The U.S. Supreme Court upheld the $8.6 billion Universal Service Fund, the annual slate of subsidies that helps cover the cost of telecom services for low-income people, rural residents, schools and libraries.
Voting 6-3, the justices rejected contentions that Congress unconstitutionally handed off its taxing powers when it set up the program in 1976. The fund uses a charge imposed on monthly phone bills — in an amount determined by the Federal Communications Commission — to subsidize service for more than 8 million people.
“No impermissible transfer of authority has occurred,” the court majority wrote in its opinion.
The ruling reversed a federal appeals court decision that declared the program unconstitutional, after conservative groups argued the FCC had unconstitutionally handed off its powers to the Universal Service Administrative Co., the private nonprofit entity that runs the program subject to the commission’s oversight.
“Congress sufficiently guided and constrained the discretion that it lodged with the FCC to implement the universal-service contribution scheme,” Justice Elena Kagan said in writing the majority opinion. “And the FCC, in its turn, has retained all decision-making authority within that sphere, relying on the administrative company only for non-binding advice. Nothing in those arrangements, either separately or together, violates the Constitution.”
Small-government advocates had hoped the case would establish new limits on federal regulatory power, building on those the court’s Republican-appointed majority imposed previously. Conservative groups sought to revive the so-called nondelegation doctrine, a rarely successful legal argument that says lawmakers can’t give away their constitutional legislative and taxing powers.
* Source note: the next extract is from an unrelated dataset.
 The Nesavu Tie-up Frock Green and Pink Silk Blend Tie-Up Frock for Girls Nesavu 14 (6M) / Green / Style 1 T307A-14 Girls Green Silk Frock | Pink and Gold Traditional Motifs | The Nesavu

Several conservative justices had expressed interest in revitalizing the doctrine, which the court last invoked in 1935 to blunt President Franklin D. Roosevelt’s New Deal. The Supreme Court has watered down the nondelegation doctrine in recent decades, saying Congress can delegate its powers as long as it lays out an “intelligible principle” for agencies to follow.
But only three of the court’s conservative justices dissented from the majority opinion.
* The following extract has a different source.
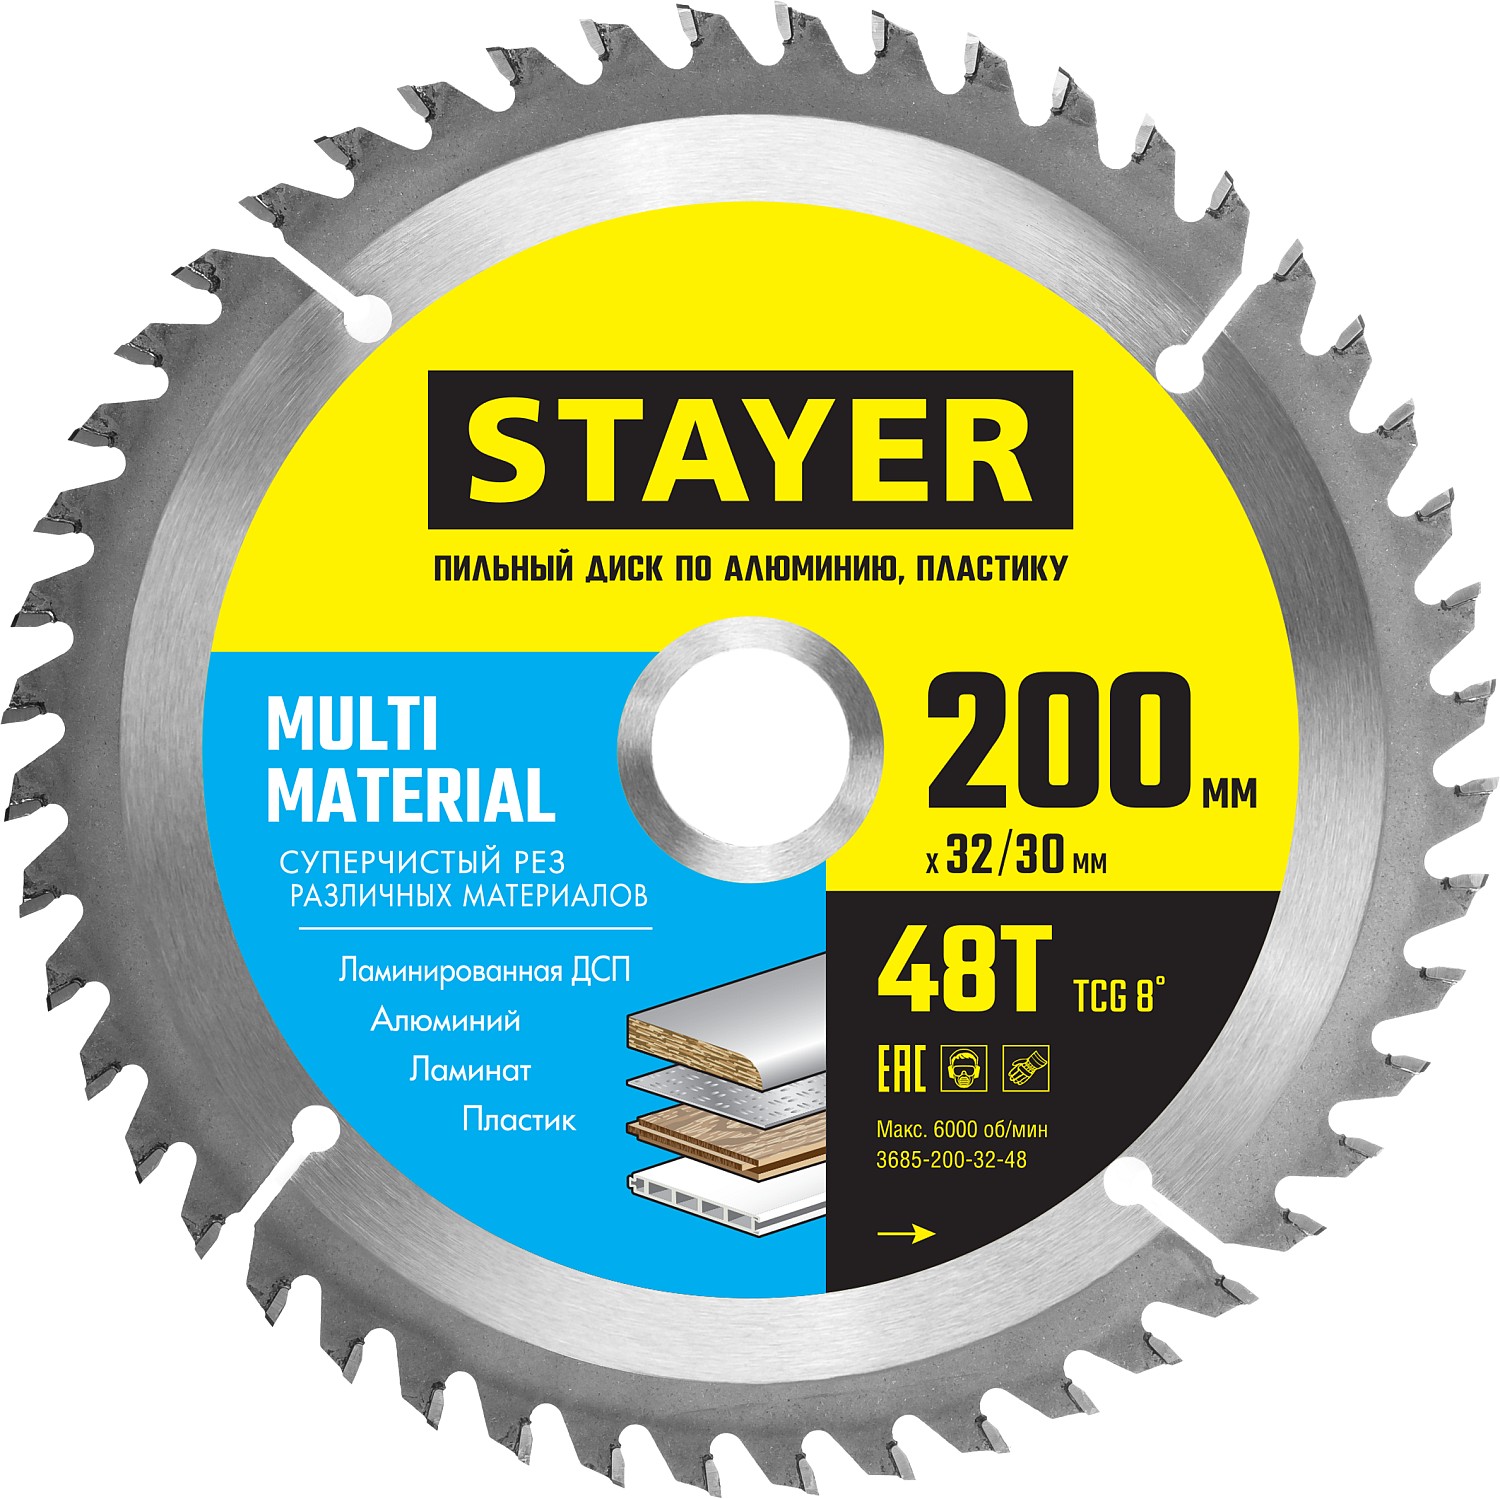 Диск пильный по алюминию Stayer Multy material 3685-200-32-48 200х32/30мм 48Т

“The Constitution affords only our elected representatives the power to decide which taxes the government can collect and at what rates,” Justice Neil Gorsuch wrote in his dissent. “As this court observed some decades ago, it would represent “a sharp break with our traditions” for Congress to abdicate its responsibilities and “besto[w] on a federal agency the taxing power.”
President Donald Trump’s administration defended the FCC subsidy program. Had the high court struck it down by invoking the nondelegation doctrine, the ruling might have undercut Trump’s defense of his global tariffs. A lower court cited the nondelegation doctrine in declaring those tariffs unlawful.
The telecom industry also backed the fund at the Supreme Court, as did a coalition of schools, libraries and health-care providers. Industry trade groups told the high court that businesses have invested billions of dollars in infrastructure on the assumption that universal service subsidies would continue.
The conservative advocacy organization Consumers’ Research challenged the program, saying Congress should have set a specific tax rate or imposed a cap on the money the FCC could raise.
The case is FCC v. Consumers’ Research, 24-354.